Makefile:88: recipe for target 'engine_mpi.o' failed
make[1]: *** [engine_mpi.o] Error 1
Which is weird because the io.h
header is indeed under ../inlcude/dmlc
.
When trying to run the rest of tests that do compile only the ring all reduce test runs to completion, the others raise runtime errors.
I'm wondering if I'm doing something wrong when running these tests, I simply call make -f test.mk <test-name>
.
Do you have instructions for running the tests @chenqin ?
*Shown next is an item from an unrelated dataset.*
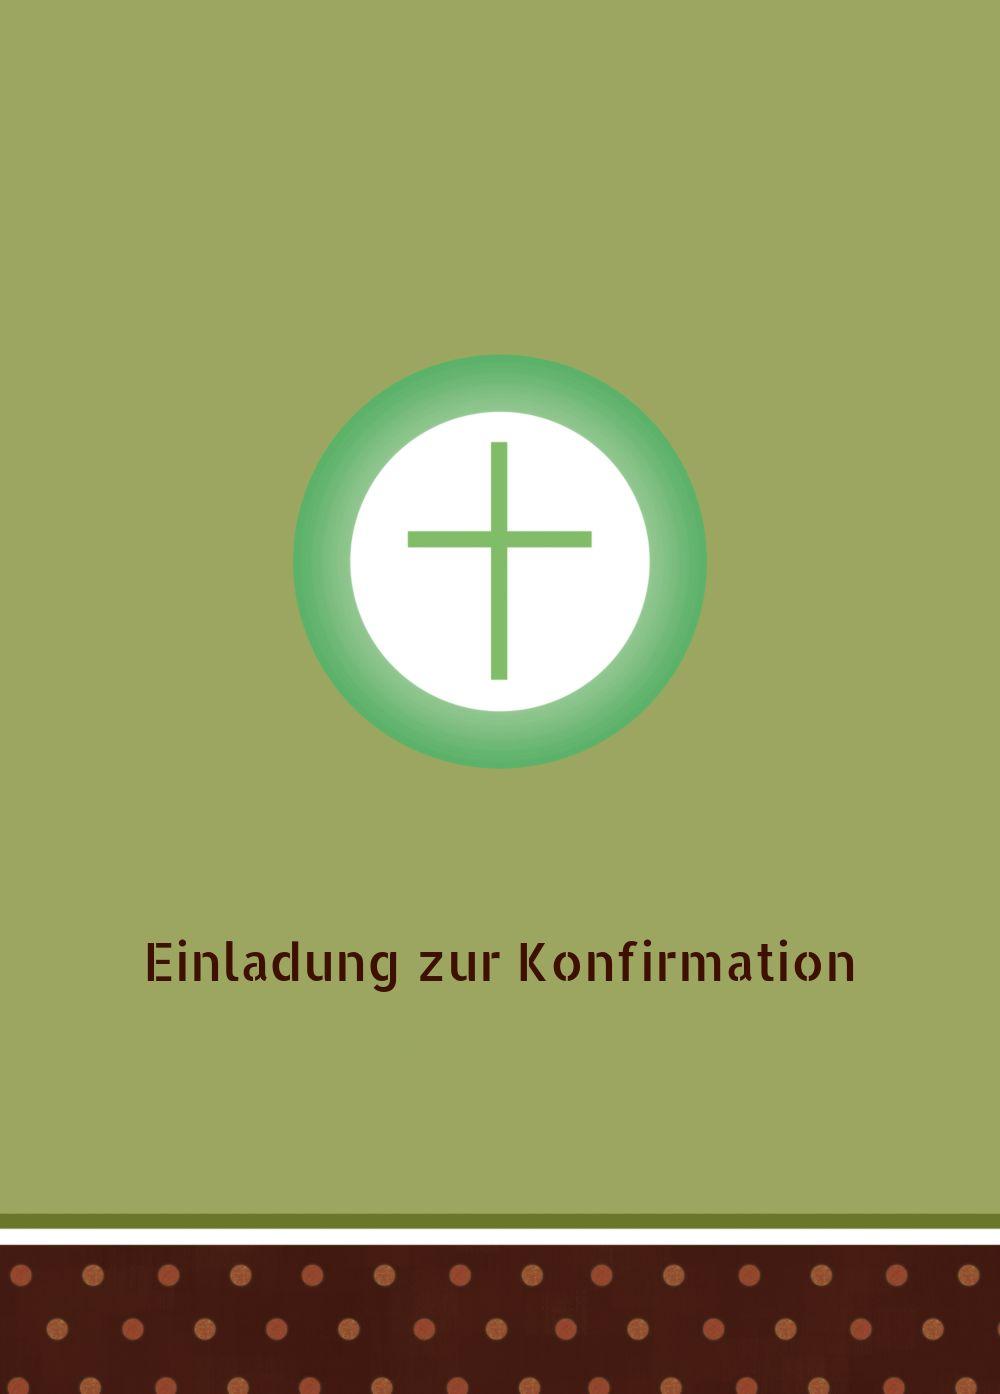 Ansicht 2 - Konfirmation Einladungskarte Kreuzhostie

I think MPI engine is still not working at least on my mac, I don't see why we need to support mpi engine within a mpi engine :) Anyway, I submitted reference fix c6f6b25
Regarding to test locally, what i did was run command in xgboost/rabit directory (point to my own dmlc-core project) xgboost/dmlc-core, pay attention to relative directory layout.
../dmlc-core/tracker/dmlc-submit --cluster local --num-workers=10 --local-num-attempt=10 test/model_recover 10000 mock=0,0,1,0 mock=1,1,1,0
Thanks @chenqin , compiling the tests under the xgboost directory is actually fine, the error is gone in that case. Still weird ithat it doesn't work in base rabit though, but I tested your fix and it seems to compile fine now. Haven't tried that branch under xgboost though. I assume some shenanigans with different dmlc-core
versions is the cause, I had clone the dmlc-core master into rabit to compile.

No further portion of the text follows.